Caríbdis    – monstro marinho na mitologia Grega.

 

Aproxima-se a nau brasileira, perigosamente, do ominoso estreito de Messina, em que águas turbulentas podem levá-la, seja de encontro ao rochedo, seja ao promontório, e reduzi-la a destroços.  E não temos – ainda, pois não convém matar de véspera a esperança – um Ulisses para nos conduzir nessa dramática travessia.

Recorrendo à prosopopeia, temos de um lado o rochedo, na forma do militar insubordinado, de baixa patente, que barganhou uma reforma precoce, tornou-se parlamentar do chamado “baixo clero”, e após muitos anos, por um profundo desencanto do eleitorado com a classe política tradicional, e mais, com aqueles que se apresentavam como “políticos éticos” e se deixaram corromper pelo poder, elegeu-se presidente da República.

Do outro, um nordestino emigrado, líder operário esperto, que soube guindar-se à política e conquistar a simpatia dos brasileiros, ao ponto de, após várias tentativas, chegar à presidência do país e até mesmo impor a sua sucessora. Duas experiências a cotejar, na perspectiva do futuro próximo: um passado recente, de triste memória, e um presente inquietador, sob múltiplos aspectos.

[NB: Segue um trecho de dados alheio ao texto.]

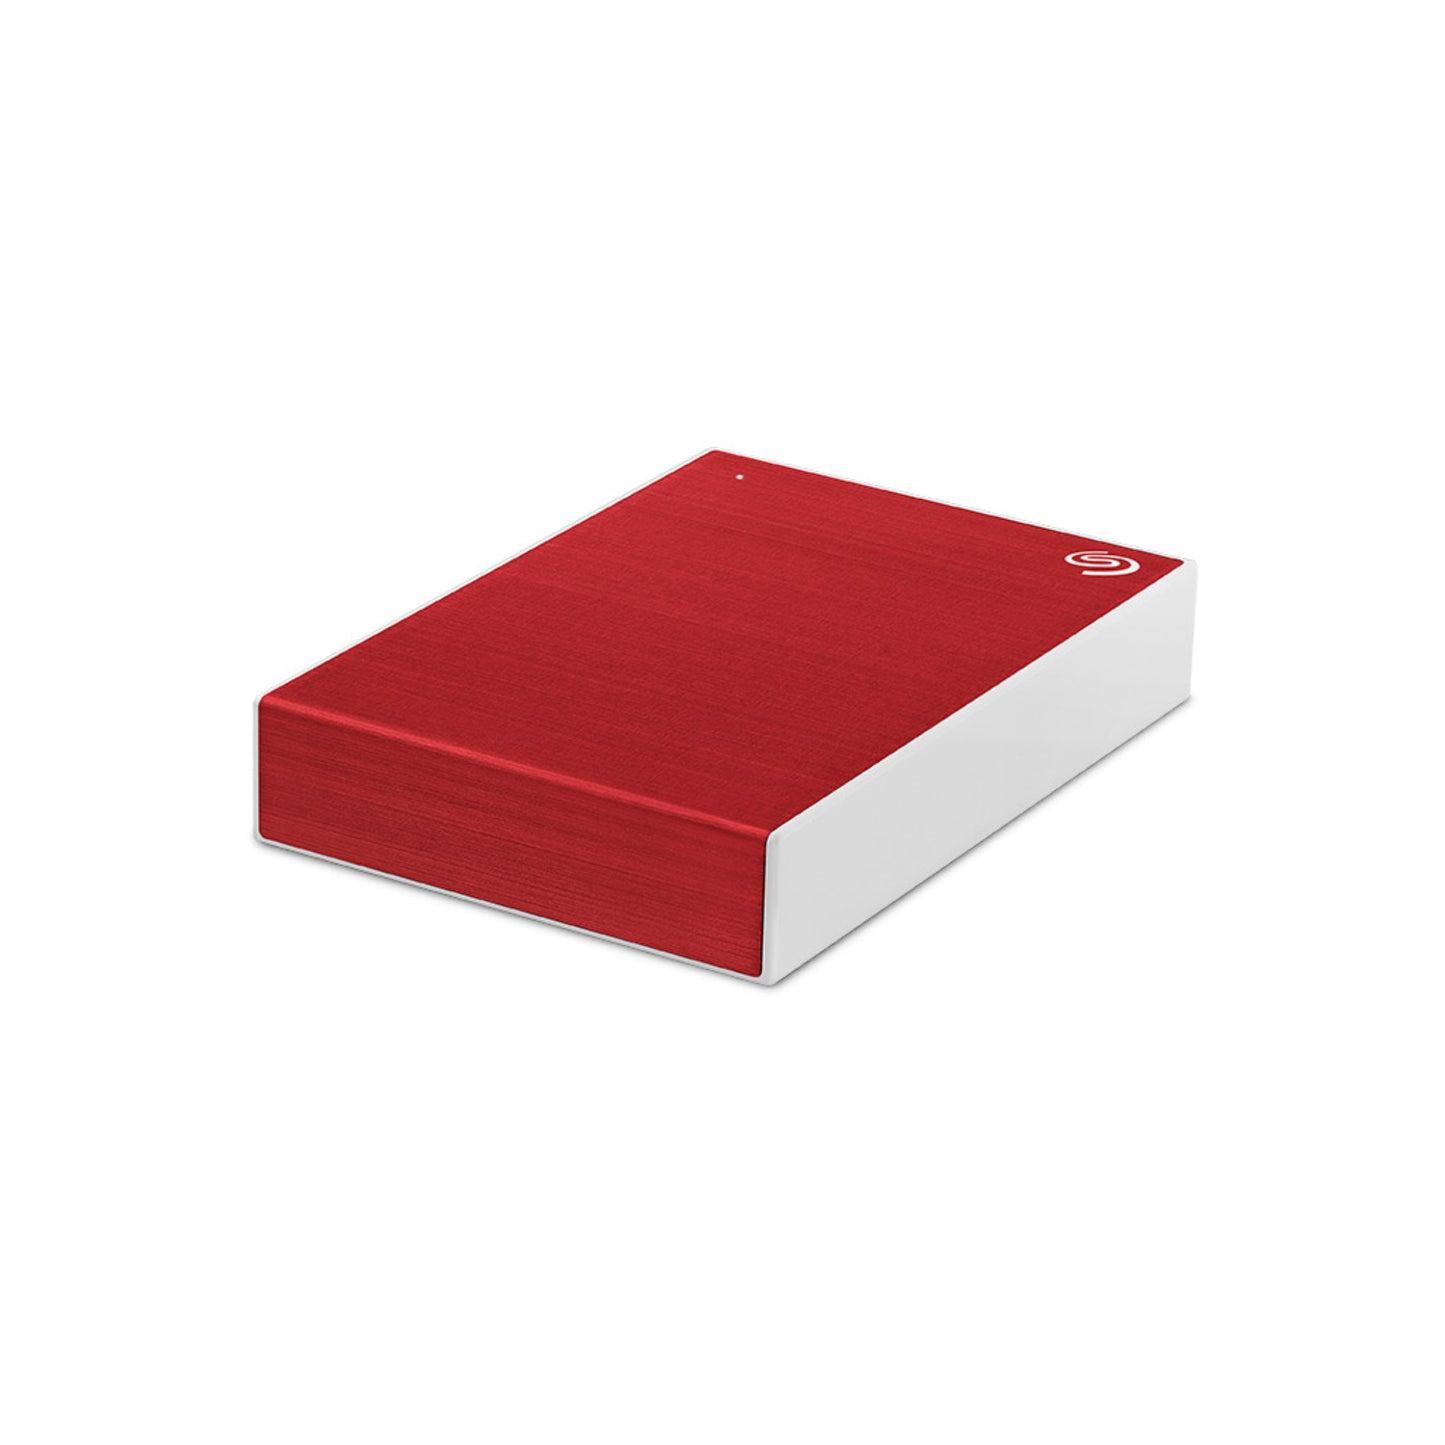 SEAGATE One Touch Slim USB 3.0 2TB - Red

Que dizer do militar?  Declaradamente homofóbico, misógino, conservadorão, nepotista, arbitrário, boquirroto, insensível às preocupações ambientais, armamentista… Seu ministério tem apresentado um desfile de nulidades: uma ministra da mulher que declara ter visto Jesus no alto de uma goiabeira, um ministro do meio-ambiente que propôs “passar a boiada” do avanço de garimpeiros e desflorestadores sobre as terras indígenas, cinco ministros da educação que se sucederam sem sequer apresentar uma diretriz educacional moderna, um ministro da segurança que pretende resolver os gravíssimos problemas nessa área simplesmente armando a população… E para remate de males, a evidência renovada de desrespeito à ordem jurídica e institucional do país, o trato irresponsável da economia pelas concessões políticas visando à reeleição, e a ameaça de “virar a mesa”, se vier a perdê-la, com o cediço argumento da inconfiabilidade das urnas eletrônicas. Não pode haver quadro mais tenebroso.

E que dizer do nosso operário, eleito como uma prova de maturidade da democracia brasileira, por um partido que se distinguia pela sua postura ética, depositário de tantas esperanças? Condenado em três instâncias judiciais, preso por comprovados casos de corrupção, posto em liberdade apenas pela tecnicalidade jurídica da incompetência de foro, veste agora o manto da inocência e habilita-se assim a restaurar, se eleito, todo o esquema de peculato montado pelo seu partido, cujos dirigentes e “sócios” têm sofrido um verdadeiro leque de condenações.  Em vários casos, são réus confessos, que aceitaram devolver parte do dinheiro roubado em troca de reduções de penas. Como entronizá-los mais uma vez no poder?  Ainda mais quando se sabe, pelo seu já anunciado programa, que vão começar desfazendo as poucas conquistas político-administrativas dos últimos anos, que não têm qualquer conotação ideológica: o teto de gastos, que impõe uma fixação honesta de prioridades, e a flexibilização das leis trabalhistas, velhas de setenta anos, incapazes de refletir a nova realidade do mundo do trabalho.   E de quebra, temos o plano macabro, comum aos dois concorrentes, de cercear a atividade da imprensa, o grande marco emblemático da democracia.

Alguns intelectuais de boa- fé, ante a aparente falta de alternativas, querem optar pelo “mal menor”, propondo a eleição do candidato operário, mesmo para combatê-lo de pronto, o que seria tarefa mais fácil.  Seria mesmo?  Cabe levar em conta, no caso, a personalidade carismática do retirante humilde, que venceu na vida com extremo esforço, e hoje, abastado, ainda consegue convencer seus eleitores de sua pureza d’alma, contra todas as evidências.  

Corolária dessa estratégia, e igualmente falaciosa, é a diretriz de, desprezando qualquer alternativa mais digna, assegurar a vitória desse candidato logo no primeiro turno da eleição.  Uma vitória assim esmagadora desencorajaria o derrotado de tentar o golpe militar. Mas quem pode assegurar isso? Não parece haver qualquer consistência em tal suposição. Perder no primeiro ou no segundo turno não faz diferença para quem despreza as regras democráticas.

E há mais um inconveniente, por outro lado. Uma vitória do candidato opositor no primeiro turno, sem ter ele a necessidade de compor-se com outras forças do centro democrático, encheria de ar o vitorioso, como a rã da fábula de Fedro, que queria equiparar-se ao boi (“Rana rupta et bos”).  Sem limitações para suas propostas políticas levianas nem inibições para as velhas práticas de corrupção, ele poderia até não arrebentar, como a perereca alegórica, mas arrebentaria o país.

Enfim, o que resta à nau brasileira, diante do tenebroso estreito de Messina?  Cila e Caríbdis são obstáculos igualmente destrutivos, e não há escolha válida para navegadores bisonhos.  A não ser – não nos resta outra perspectiva – esperar, confiar, e promover um timoneiro (ou timoneira) qualificado, que nos possa conduzir a salvo por entre os duros rochedos. Cumpre-nos acreditar que tal escolha ainda é possível.